It’s no exaggeration to say that approaching Trump supporters as I approach the thoughts and feelings that arise in my practice—with empathy and curiosity—completely changed my mindstate. Listening intently to how people think and what motivates them opened my heart to their points of view. It was like working with a difficult person in metta practice (in which you direct lovingkindness toward a series of people, including someone you find hard to deal with)—only instead of doing it as a visualization, I did it live.

Throughout my time as a deep canvasser, I’ve found myself calling on skills I had begun to develop in meditation: non-judgment, compassion, empathy, and especially deep listening—since making the case to vote Democratic depends on reflecting back the values that voters themselves express. When a welder with custody of his small daughter described how he worked constantly, but could barely pay rent and child care, I listened quietly and attentively, sympathizing with his resentment.

Whatever the outcome of November’s election, our country will remain dangerously polarized. But deep canvassing makes it possible to see someone you disagree with as not the enemy. My fellow canvasser Ellen Chapnick, retired Dean for Social Justice Initiatives at Columbia Law School, spoke to a Doylestown, Pennsylvania, man who intended to vote for Trump because he believed the Democrats would take his guns away. Nothing she said moved him.
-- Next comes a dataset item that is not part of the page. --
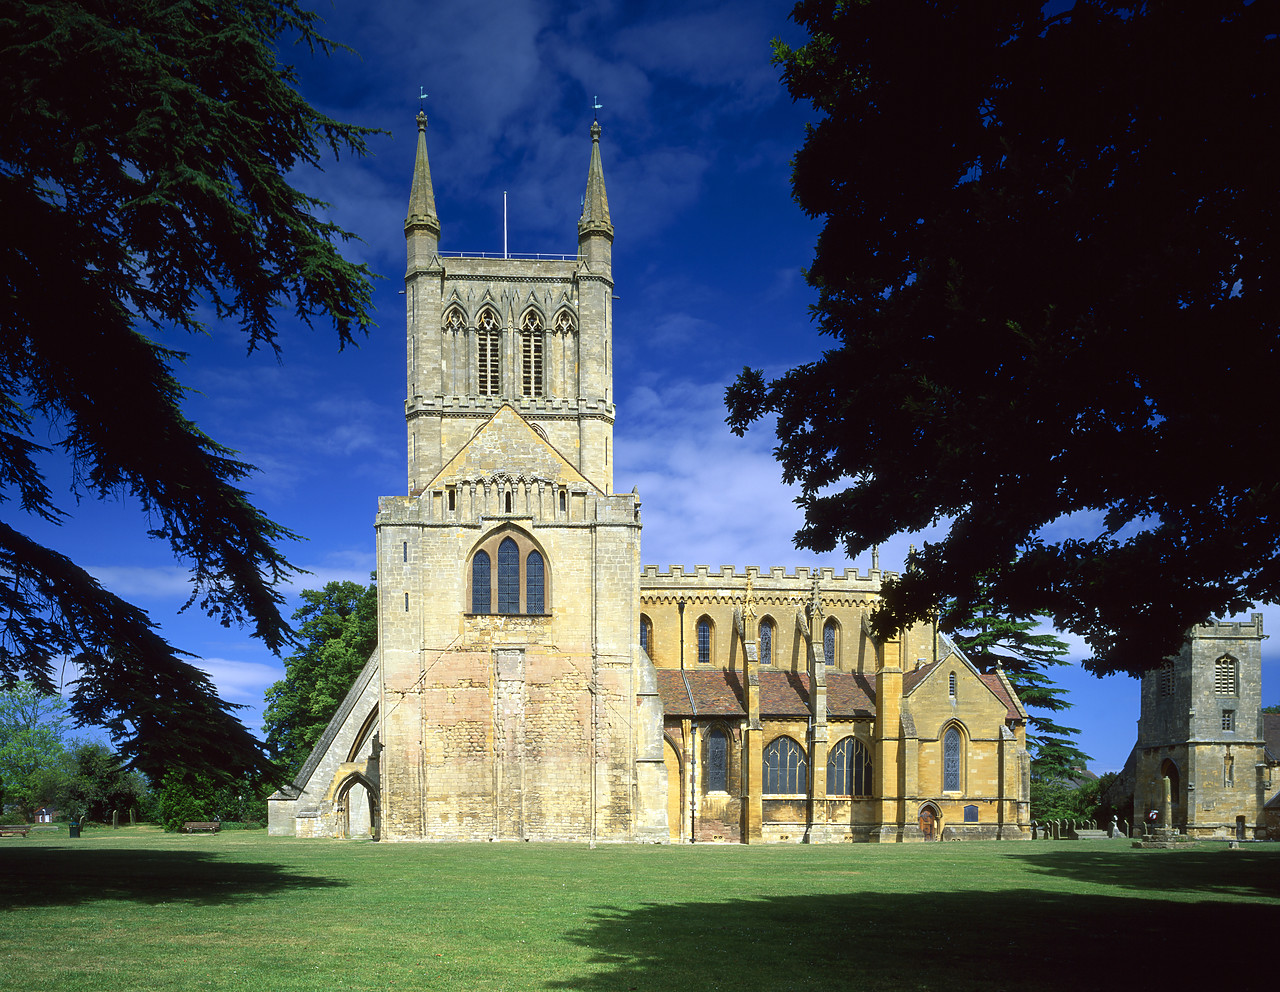 #990431-2 - Pershore Abbey, Herefordshire, England

But as she turned to leave, the man asked Ellen if she would take a moment to speak to his seven-year-old-daughter. “We don’t have women like you in our lives, who are informed, have opinions, and stand up for what they believe in,” he explained. “I don’t agree with you on most of it, but I want my daughter to know she can grow up to be like that.” Chapnick had a “lovely conversation” with the girl, she told me. “I was incredibly moved.”

Deep canvassing should continue past the election, Chapnick believes, since it enables “people who wouldn’t ordinarily talk to each other to reach across unbridgeable chasms.” I agree: talking to those we disagree with may not be easy, but we’d do well to pay attention to what we have in common.